Alchevsk Metallurgical Complex is one of the oldest ferrous metallurgy enterprises in eastern Ukraine. Its history dates back to the 1890s, and its founder is Oleksiy Kyrylovych Alchevsky.

It was founded in 1895 as a metallurgical plant of the Donetsko-Yurievske Metallurgical Company.

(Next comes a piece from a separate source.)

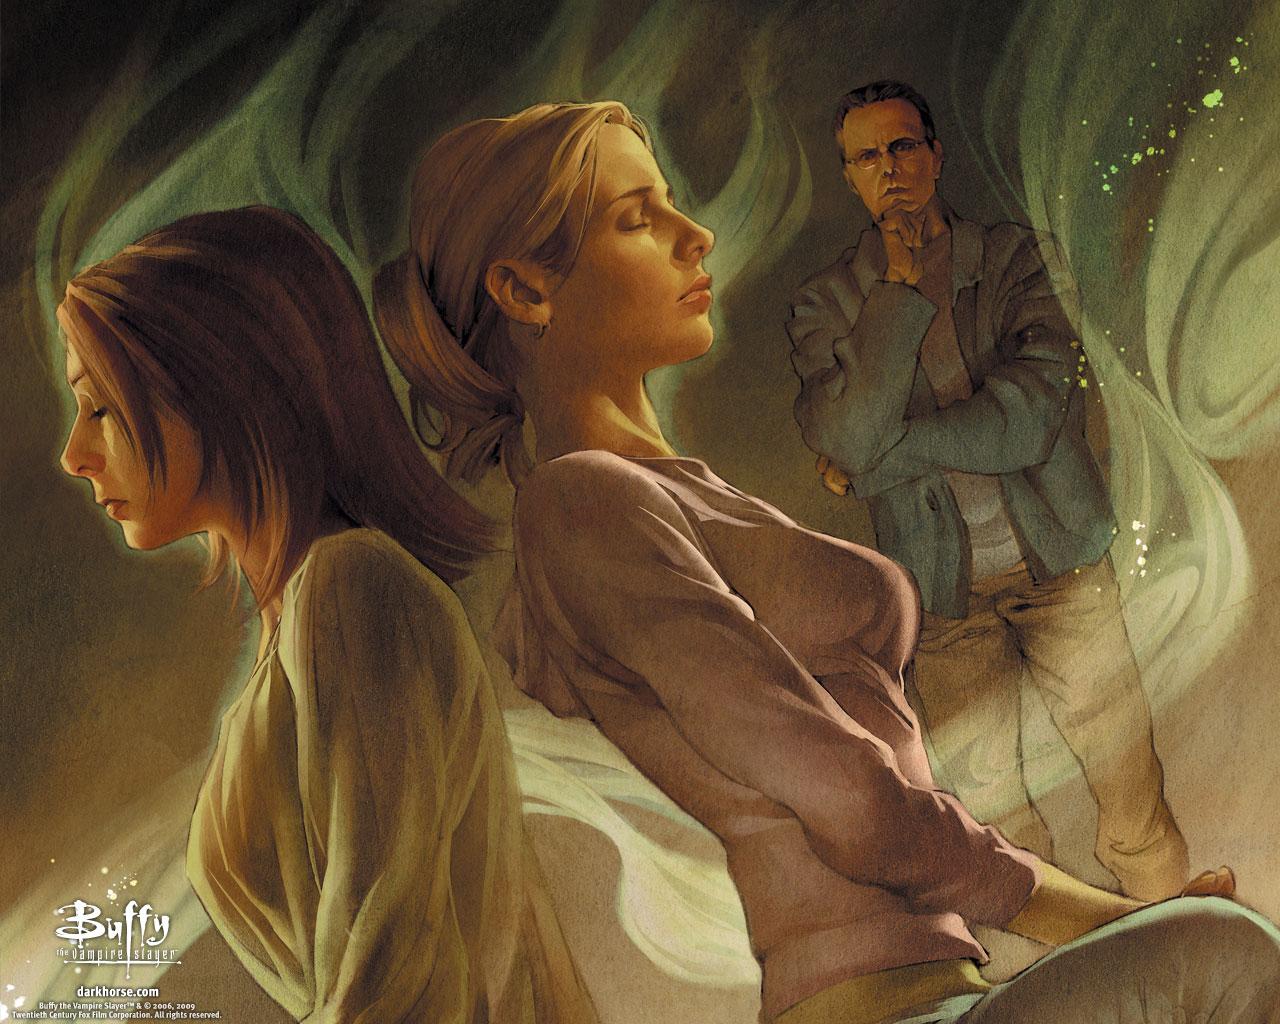 Buffy the Vampire Slayer :: Desktops :: Dark Horse Comics

In 1961-1991 it was called the Kommunarsk Metallurgical Plant, because at that time the city of Alchevsk was called Kommunarsk.

History
From the beginning of the 1890s, on the initiative and financial participation of Oleksiy Alchevsky, two powerful metallurgical enterprises were formed: the Donetsko-Yurievske Metallurgical Company (now the Alchevsk Metallurgical Complex), designed and built by A. Mevius, and together with the Belgians the Russian Providence Company (now Mariupol Metallurgical Plant named after Ilyich).

In 1895, the Metallurgical Plant of Donetsko-Yurievske Metallurgical Company was founded near the Yurievka station (now Kommunarsk) of the Luhansk-Debaltseve railway. The first blast furnace was blown in May 1896. In 1900, the plant employed 3,200 workers.

In 1915, the plant had 5 blast furnaces, 7 open-hearth furnaces, and rolling mills.

The 90's were a rough time for AMC. Beginning in 1997 it underwent bankruptcy proceedings. Until recently, the plant was jointly managed by Interpipe Group and the Industrial Union of Donbas. In 2002, AMC came under the full management of the ISD.

Alchevsk Metallurgical Complex supplies its products to more than 60 countries.

Gallery

Ecology
As of February 22, 2011, the Alchevsk Metallurgical Complex was one of the ten facilities that are the largest polluters in Ukraine.

Russian occupation
Due to the War in eastern Ukraine, in the spring of 2015, the complex ceased its activities.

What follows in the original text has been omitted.